Description: DocumentRetrieverAgent searches through configured document collections to find passages relevant to the query. It uses BM25 (Best Match 25) ranking to identify the most relevant chunks from text files, PDFs, and other document formats.

Configuration:

from yaaaf.components.sources.rag_source import RAGSource
from yaaaf.components.agents.document_retriever_agent import DocumentRetrieverAgent

source = RAGSource(description="Technical manuals", source_path="docs/")
# Add text files
source.add_text(open("manual.txt").read())
# Add PDFs (with optional page chunking)
with open("guide.pdf", "rb") as f:
    source.add_pdf(f.read(), "guide.pdf", pages_per_chunk=1)

agent = DocumentRetrieverAgent(client=client, sources=[source])

Example workflow usage:

assets:
  relevant_docs:
    agent: DocumentRetrieverAgent
    description: "Find documentation about installation"
    type: text

Supported formats:

Plain text (.txt)
Markdown (.md)
HTML (.html, .htm)
PDF (.pdf) with configurable page chunking

BraveSearchAgent

Role: EXTRACTOR

Purpose: Searches the web using Brave Search API.
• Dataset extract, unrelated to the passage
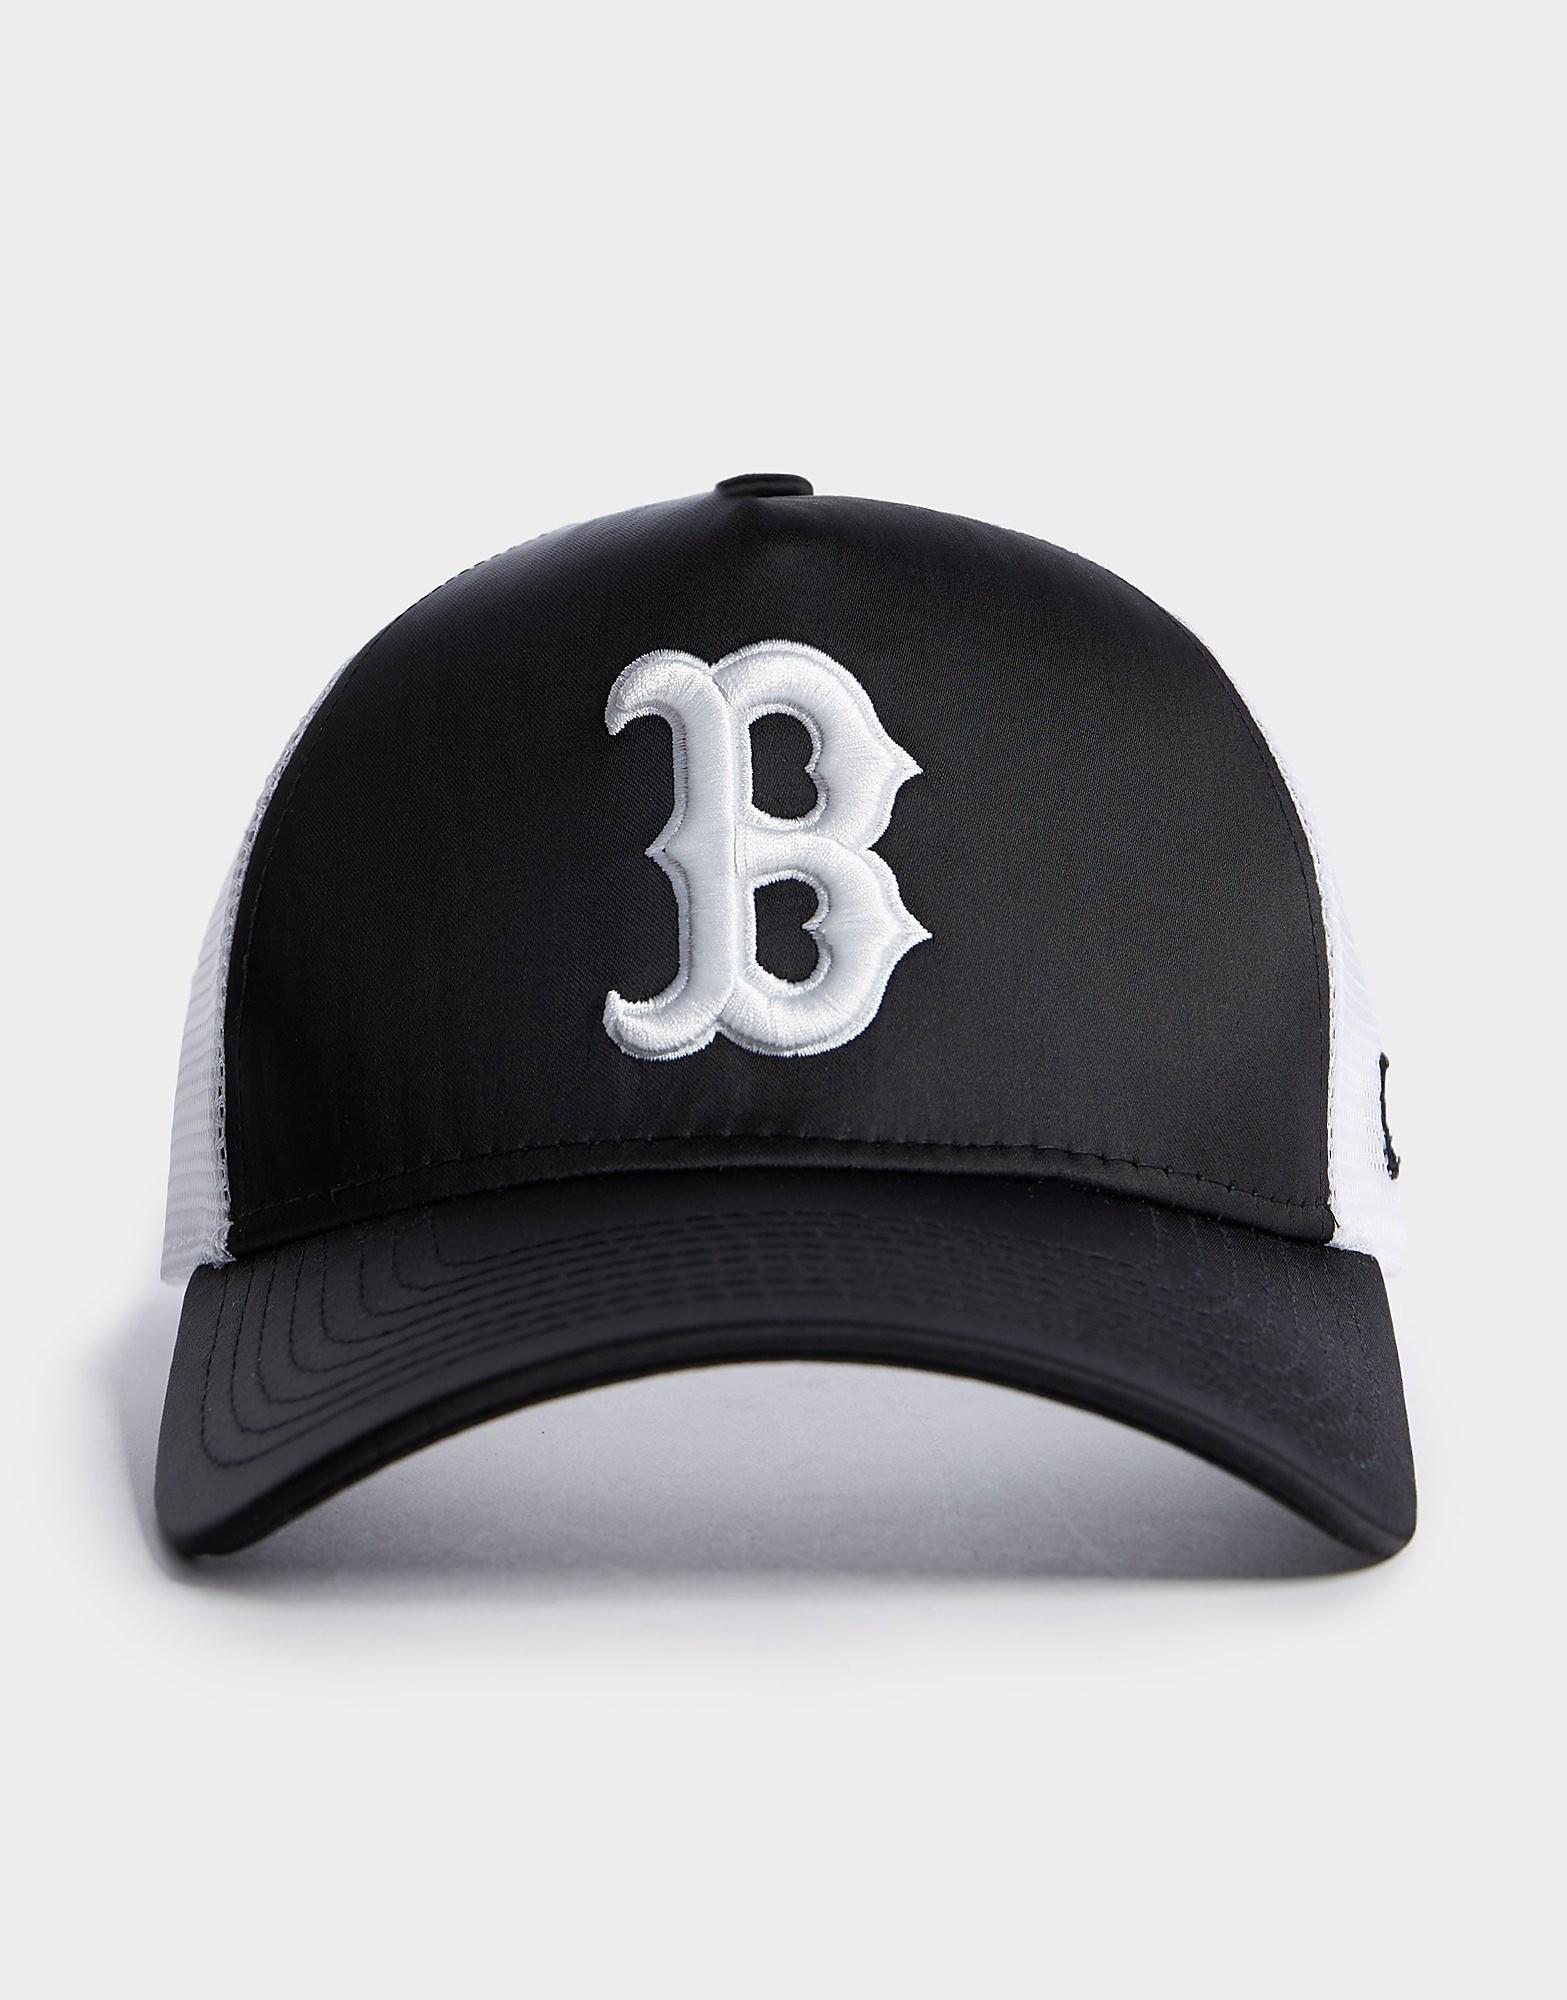 New Era MLB Boston Red Sox Trucker Cap

Accepts: None (source agent)

Produces: table

Description: BraveSearchAgent queries the Brave Search API to find relevant web pages. It returns structured results including titles, URLs, and snippets. Brave Search uses its own independent search index, providing results that may differ from Google or Bing.

Configuration:

Requires BRAVE_SEARCH_API_KEY environment variable or configuration.

{
  "api_keys": {
    "brave_search_api_key": "YOUR_API_KEY"
  }
}

Example workflow usage:

assets:
  search_results:
    agent: BraveSearchAgent
    description: "Search for recent AI developments"
    type: table

DuckDuckGoSearchAgent

Role: EXTRACTOR

Purpose: Searches the web using DuckDuckGo.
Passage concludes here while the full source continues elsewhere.